Pope called over Brig. General John Buford and asked him to
use his cavalry brigade to scout the left in order to mollify Reynolds, but it
didn’t work. Reynolds didn’t need a scout, he needed support against the
Confederate masses opposite him, so he found McDowell and argued his case to
him. McDowell listened with concern as Reynolds explained the Confederates
hadn’t retreated, they had just shifted so as to flank the army. It didn’t
square with Ricketts’ report that the Confederates hadn’t moved at all. But
Reynolds was insistent enough that McDowell mounted his horse and asked to see
it personally.
Groveton Woods
Fitz John Porter was also having problems with his orders.
When he had left headquarters, there had been a miscommunication in Pope’s
vague oral orders. He had set up his two divisions on the west side of Dogan’s
Ridge in anticipation of attacking the standing Confederate forces. But
McDowell’s orders told him to attack down the Turnpike, not the intersection of
the Unfinished Railroad and Groveton-Sudley Road [Featherbed Lane].
The orders were problematic for another reason for Porter.
On the Brawner Farm, perched on heights commanding the Turnpike, were vast
numbers of Confederate artillery that had harassed his men all morning and
would make mincemeat of them if they marched down the Turnpike. Instead, Porter
had planned on sending the two brigades of Morell’s division that had not
gotten lost and gone to Centreville across the railroad, so that they could
come down Stony Ridge onto Brawner’s Farm from above. It was a textbook assault
on artillery.
He wrote a note to McDowell explaining the problem, and
McDowell’s approval came back quickly, so Porter green lit the attack. No
sooner had he done so than a message came back from the commander of the attack
that he couldn’t proceed, because his right flank was entirely unsupported.

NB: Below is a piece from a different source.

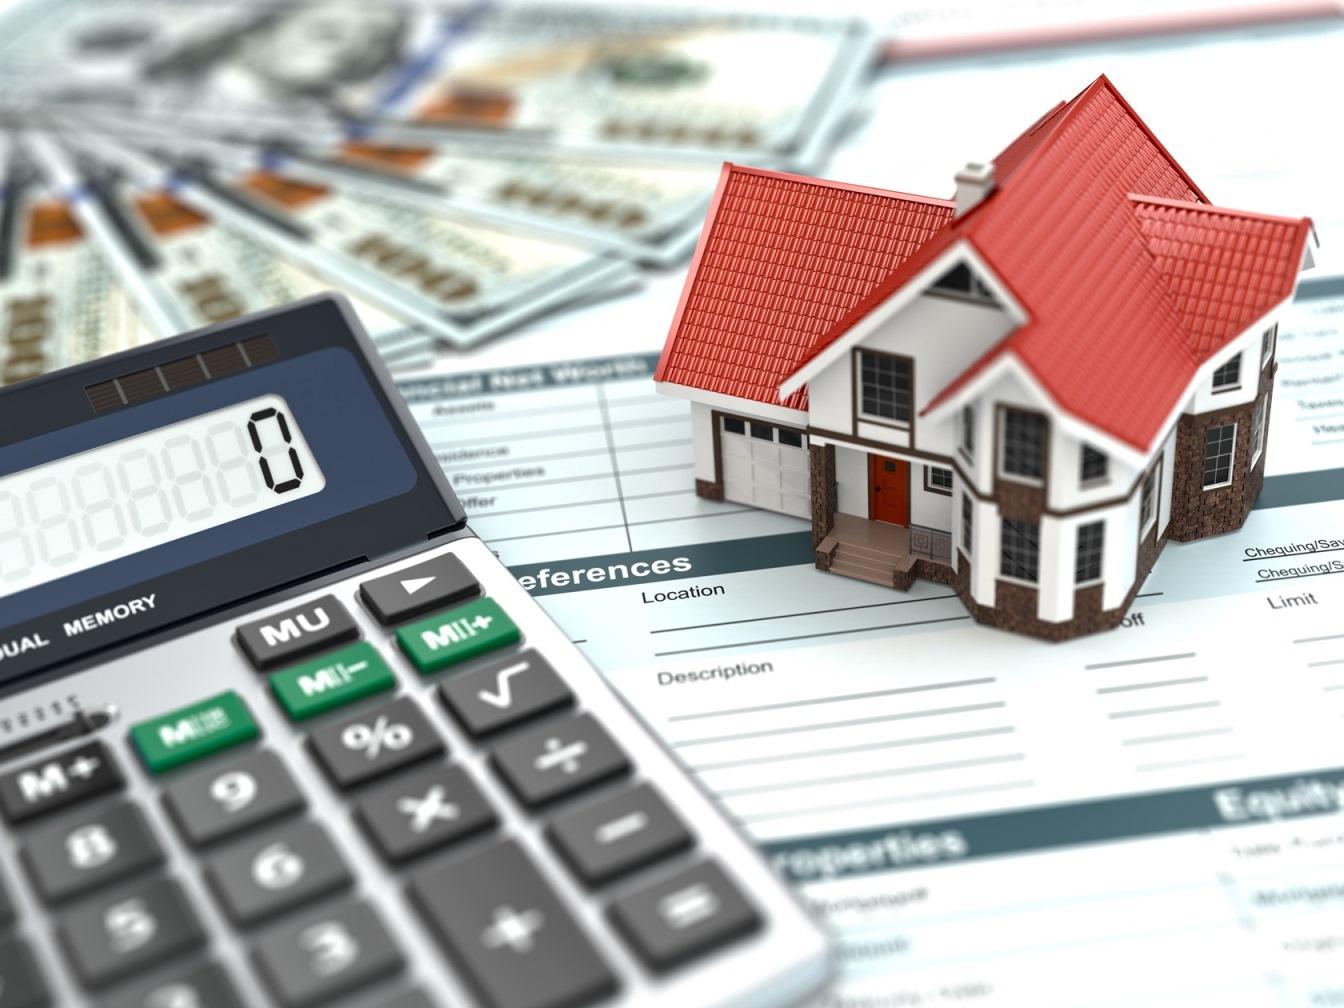 продажа недвижимости ндфл

Porter didn’t know for sure that the Confederates still held the length of the
unfinished railroad, but his cautious military professionalism put him on guard
not to move against a fixed position if it was possible for the enemy to come
forward and shoot you in the side.
Ricketts should have been to the right with his skirmishers,
but when McDowell had canceled his order to advance, he had never sent Porter
notice. Fortunately, the four brigades from the Third Corps, Army of Virginia
under John Hatch were waiting patiently on the Turnpike for the pursuit to
begin. Porter ordered them up to the right as quickly as possible, delaying his
attack until the support was in place.